В полярной ночи - Страница 8
— Придется подбивать грунт под шпалы, — сказал Седюк. — Твоя черепаха здесь действительно не пройдет.
— Вот и я так думаю. Когда мы грузы везем, мы с помощниками сами управляемся, только у нас это часа два берет.
Когда Седюк возвратился к платформе, она уже была пуста. Пассажиры соскочили на землю и прохаживались вдоль пути, разминая затекшие доги. Седюк отобрал десять мужчин, казавшихся более крепкими.

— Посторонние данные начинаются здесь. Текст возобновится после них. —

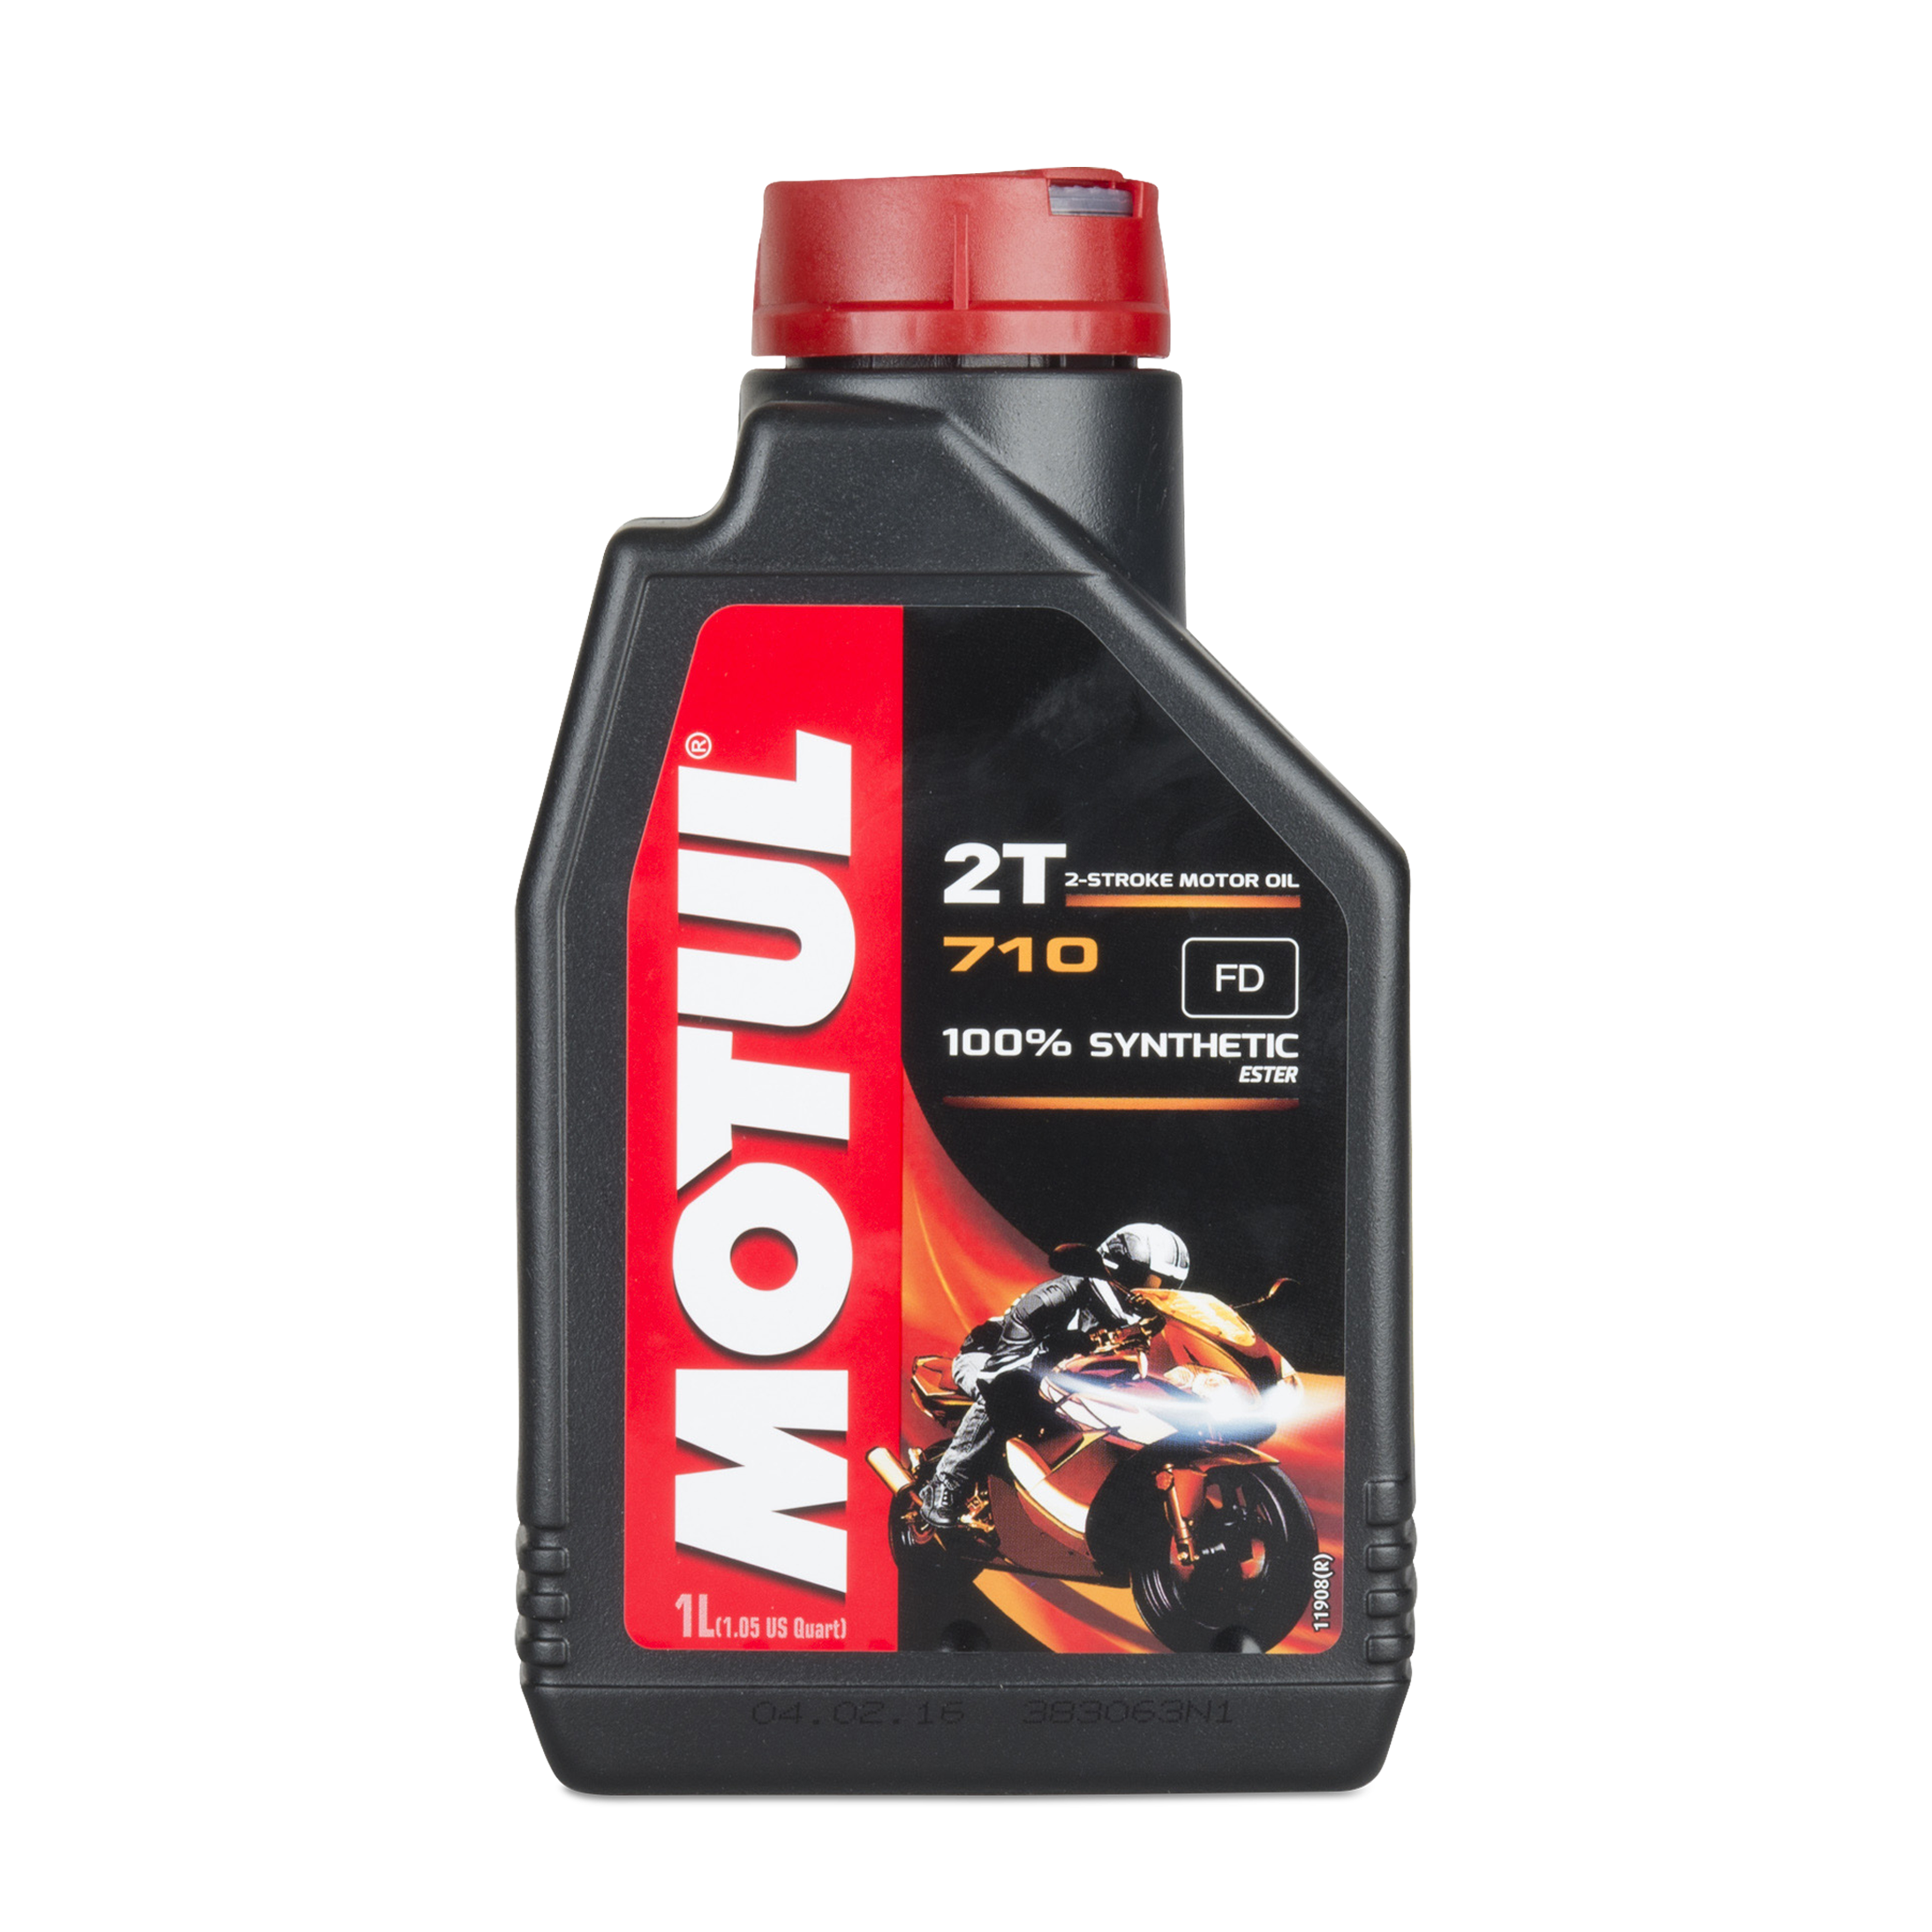 Motul 710 2T 1L Oil Fully synthetic - Now 20% Savings

У запасливого машиниста, очевидно не в первый раз «организующего» пассажиров, нашлось пять лопат, три кирки, две пары деревянных носилок. Почему-то остановка в пути вместо досады вызвала общее веселье, и все работали охотно и дружно. Особенно отличался Жуков. Он с такой силой и умением орудовал лопатой, что наполнял землею носилки в два раза быстрее, чем любой другой. Подносчиками у него были Козюрин и Редько. Седюк с Турчиным работали на насыпи. Турчин нагружал носилки, потом относил их с Седюком. Движения его были четки и скупы. Рядом с Жуковым копал землю Непомнящий, и то ли у него сил было совсем мало, то ли не хватало сноровки и привычки к труду, но он чаще прибегал к кирке, чем к лопате. Даже разрыхлив грунт киркой, он набирал на лопату совсем немного земли.
— Тяжелая штука мерзлота, — сказал он, словно оправдываясь, хотя копали они не мерзлоту, а верхний, подтаявший слой.
Козюрин посмотрел на него, потом на Жукова, и на лице у него выразилось уважение.
— Хорошо работаете лопатой, товарищ! — сказал он Жукову. — Прямо без кирки — это даже удивительно.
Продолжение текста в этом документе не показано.